In my early boyhood in Atlanta, while still barefoot and running wild, in love with Mark Twain and Charles Dickens and “Tales from Shakespeare,” by Charles and Mary Lamb, my eyes were open and I was listening and crystallizing—a young playwright finding his true voice.
My world went to dust when Papa passed away.
They waited until he was decently in the ground, but at the very hour that he was, at the National Cemetery in Marietta, my “grandma” and all but the oldest girl of her grown children let it be known that Papa’s 10-year-old best boy was now a stranger in the house. Back then child abuse was a matter of no importance to Georgia politicians, and child-care agencies were not flourishing.
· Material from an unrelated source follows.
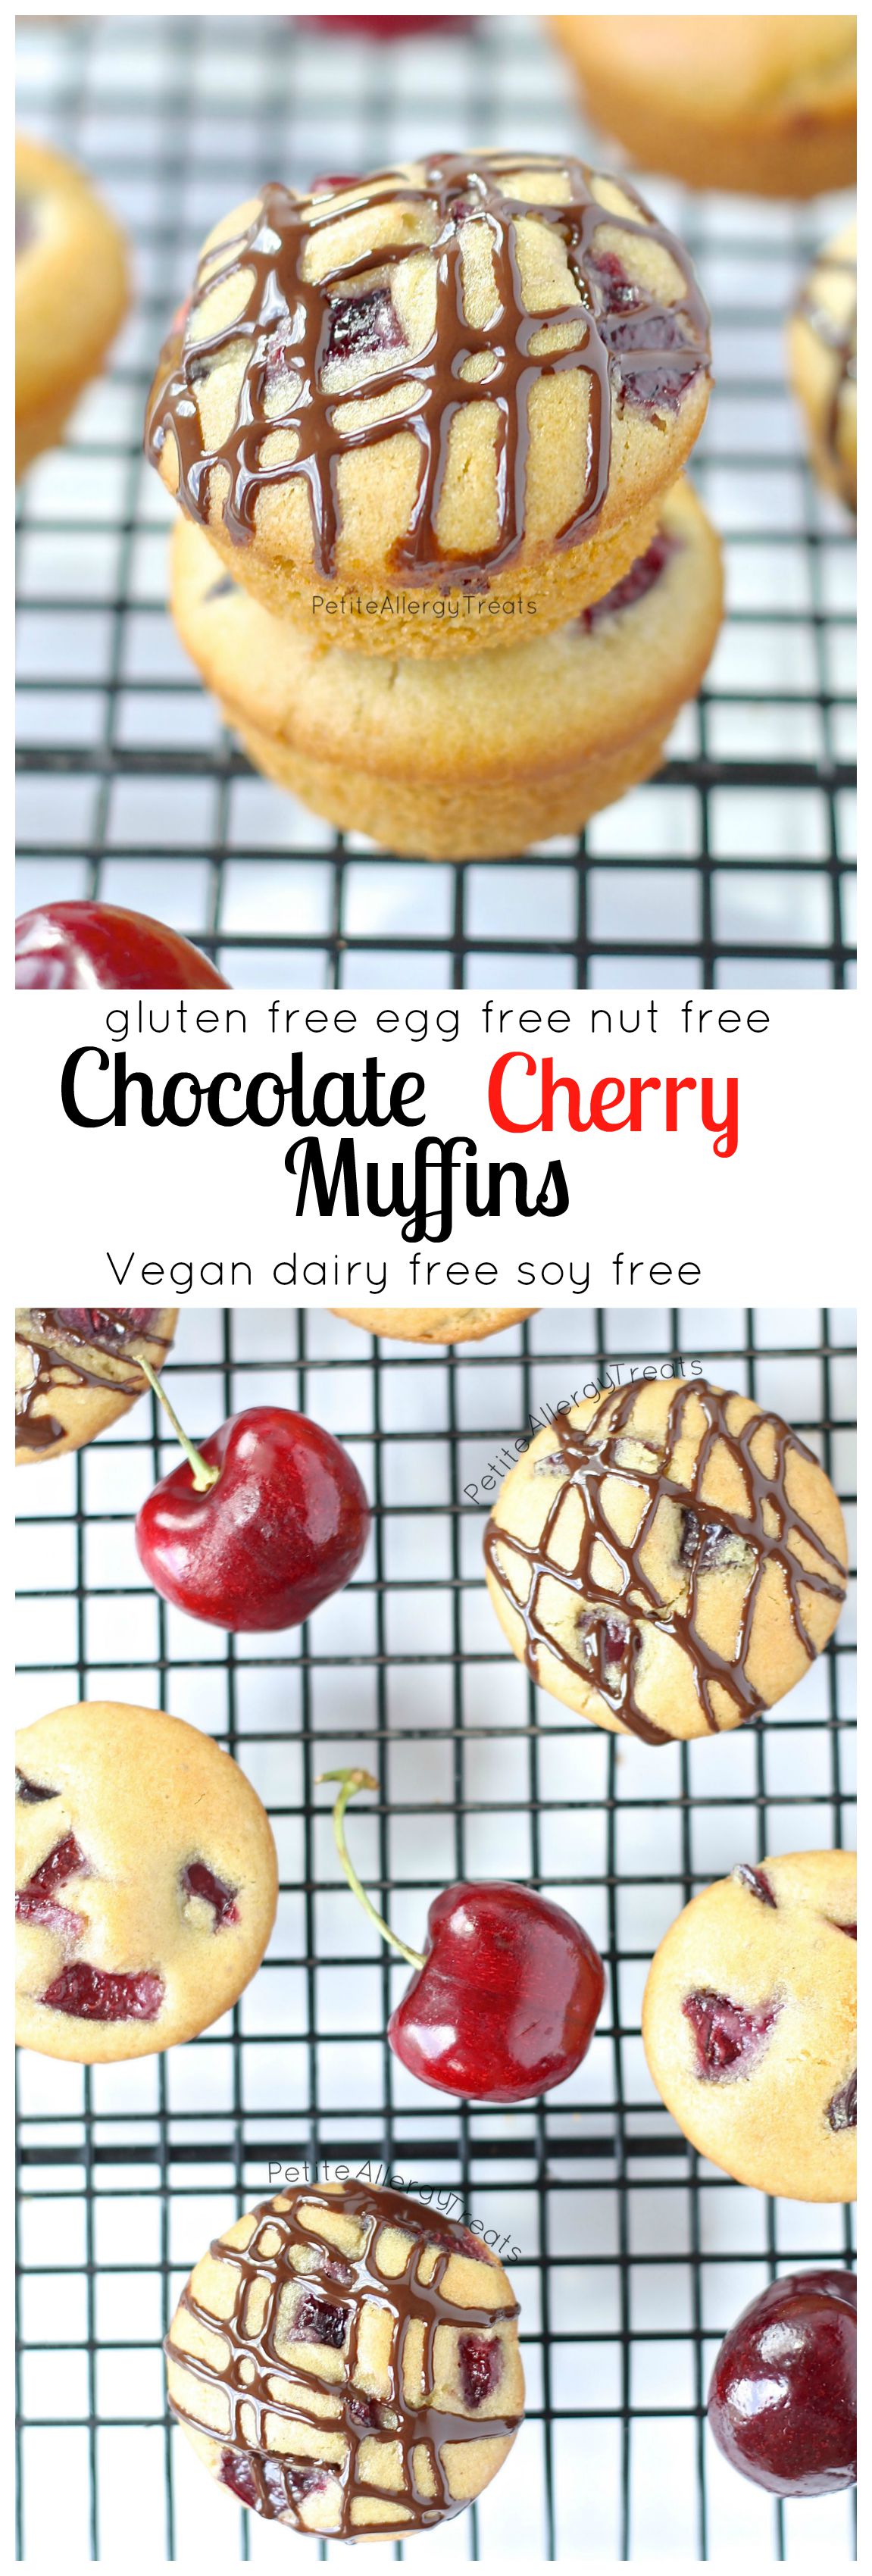 Chocolate Cherry Muffins (gluten free Vegan) Sweet cherries with whole grain gluten free flour makes these muffins irresistible! #tothefullest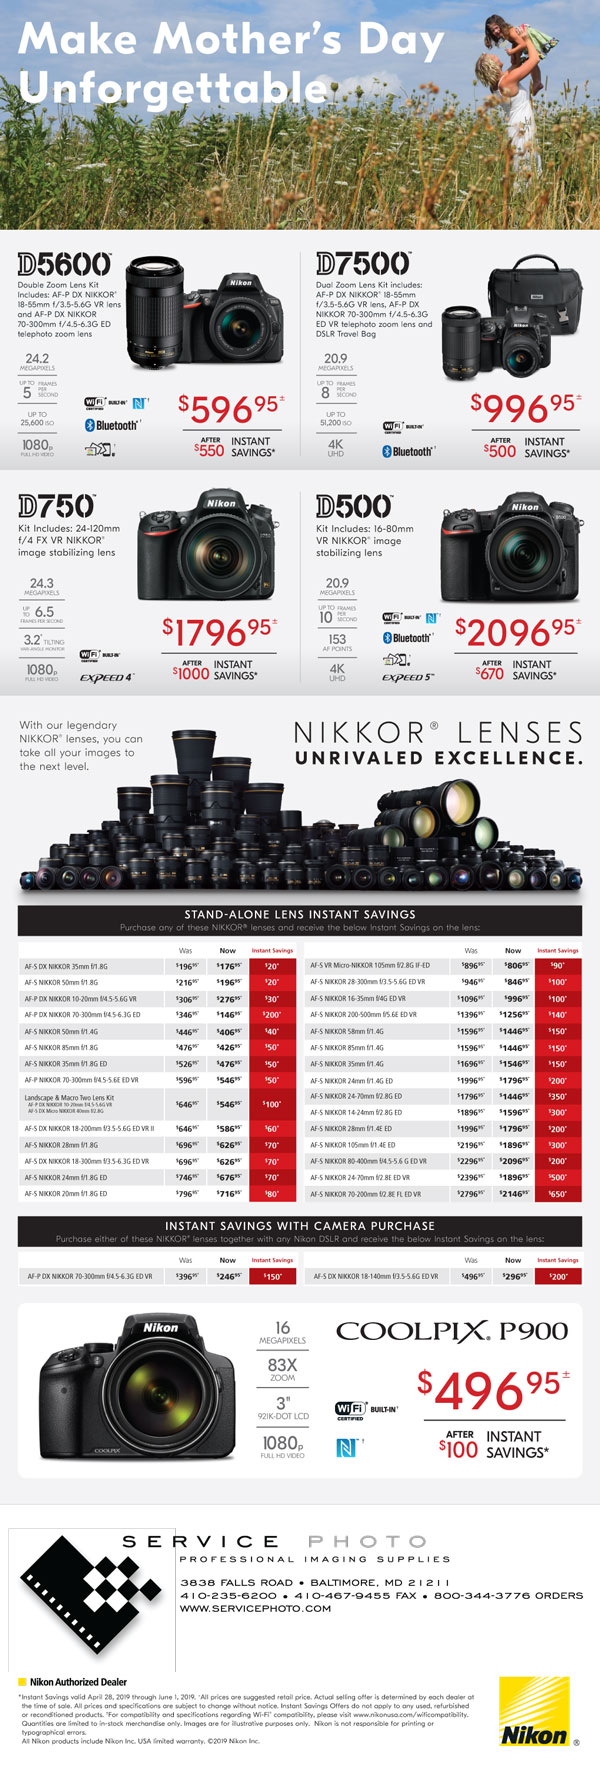 full-list-of-nikon-lens-rebates-coming-this-weekend-nikon-rumors

At 15, the zeal for books that was Papa’s gift to me set me free. The very same church ladies in Buckhead whom Papa had given my play to years earlier got up money to send me to a private school 150 miles away. At 17, I was in New York City and training as an actor. Never willingly would I ever set eyes on any of my “family” again.
But look now and you’ll find precious few of the sort of good folks, who in my salad days, dwelled, worked and died in Cabbagetown. Loving their own kind but sometimes suspicious of outsiders, they lived by a moral code that had worked well for mountain people in the South ever since the pioneers, their ancestors, found the gap in the Cumberlands. Years before the mill shut down for good, after more than a 90-year run, nearly all the “operatives” and their children were long gone, leaving behind those who felt lost without the mill’s paternalism, the very old and tired, and some who simply loved the neighborhood. Sad to say, a slather of the latter-day down-and-out stumbled in from heaven knows where, some of whom were fresh out of morals.
Hard times, good times. Cabbagetown has persevered. By far most newcomers to my native city think of it as only another in-town neighborhood that’s changing, gentrifying. The Fulton Bag and Cotton Mill is being made into upscale lofts that promise to bring in new people and money. The hard times shall be no more, so they say.
Gene-Gabriel Moore is founder and artistic director of Not Merely Players, a performing arts company for men, women and children with disabilities, at the 14th Street Playhouse. He lives in Midtown.